Flood frequency likely to increase as climate change worsens: IPCC report
The United Nations-convened Intergovernmental Panel on Climate Change (IPCC) has flagged Australia faces more floods in the future unless it makes more efforts to reverse man-made carbon emissions sharply.
Released last week, the IPCC report’s chapter on Australasia says the current 1-in-100-year flood in Australia could occur several times a year because of climate change.
The warning from IPCC comes as Queensland and NSW battle severe flooding, which S&P Global Ratings has predicted could be a $2 billion event for the insurance industry.
The IPCC report says three major floods hit eastern Australia from 2019 to last year.
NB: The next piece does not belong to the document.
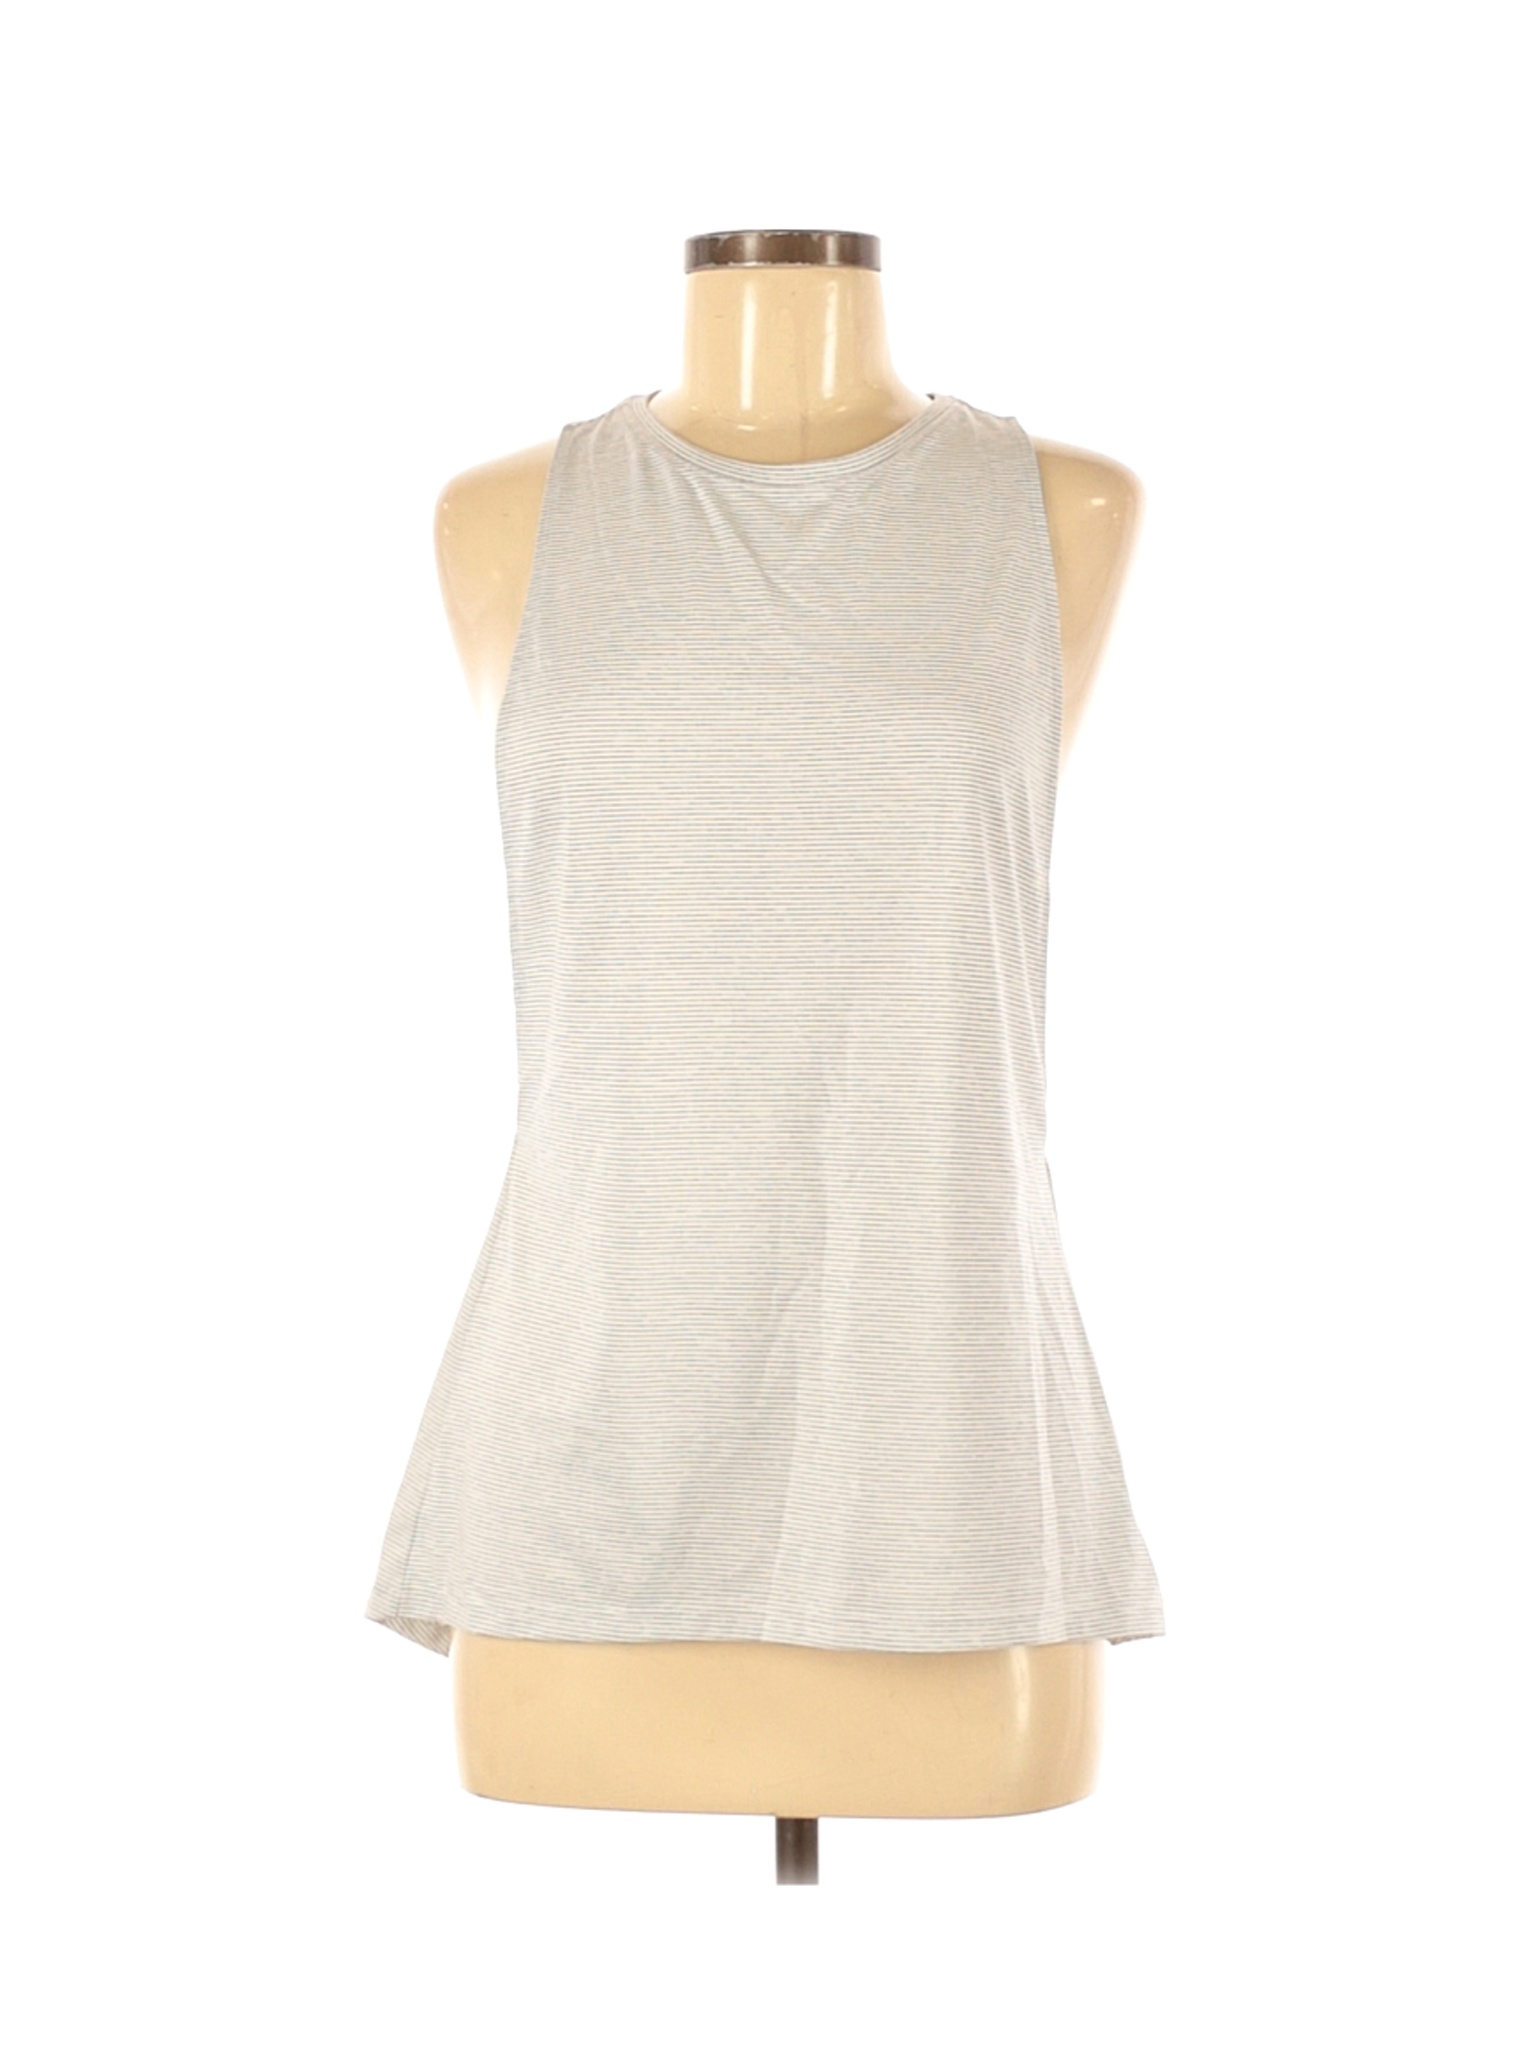 Active by Old Navy Women Ivory Active T-Shirt M | eBay

In relation to finance, the report says with high confidence the finance sector including insurance has significant exposure to climate variability and extreme events, and that it will possibly get worse in the coming years.
Risks for the finance sector, including for insurance providers, are projected to increase, the report says.
“The core thing is that the climate risks which Australia is exposed to are likely to increase significantly… particularly looking at extreme events of different types that often are insurable,” IPCC Vice Chair Mark Howden said.
Professor Howden, who is also Director of the Climate Change Institute at the Australian National University, says there’s been “a lot more change” since the IPPC released its Fifth Assessment report in 2014.
“We’ve always had the risk of bad storms, east coast lows… but climate change is just making that risk worse,” Professor Howden told insuranceNEWS.com.au.
The floods now inundating Queensland and NSW are an example of how climate change is “embedded” in extreme weather events, he said.
Last week’s Working Group II report is the second instalment of the IPCC’s Sixth Assessment Report, which will be completed this year and it comes eight years after the last report.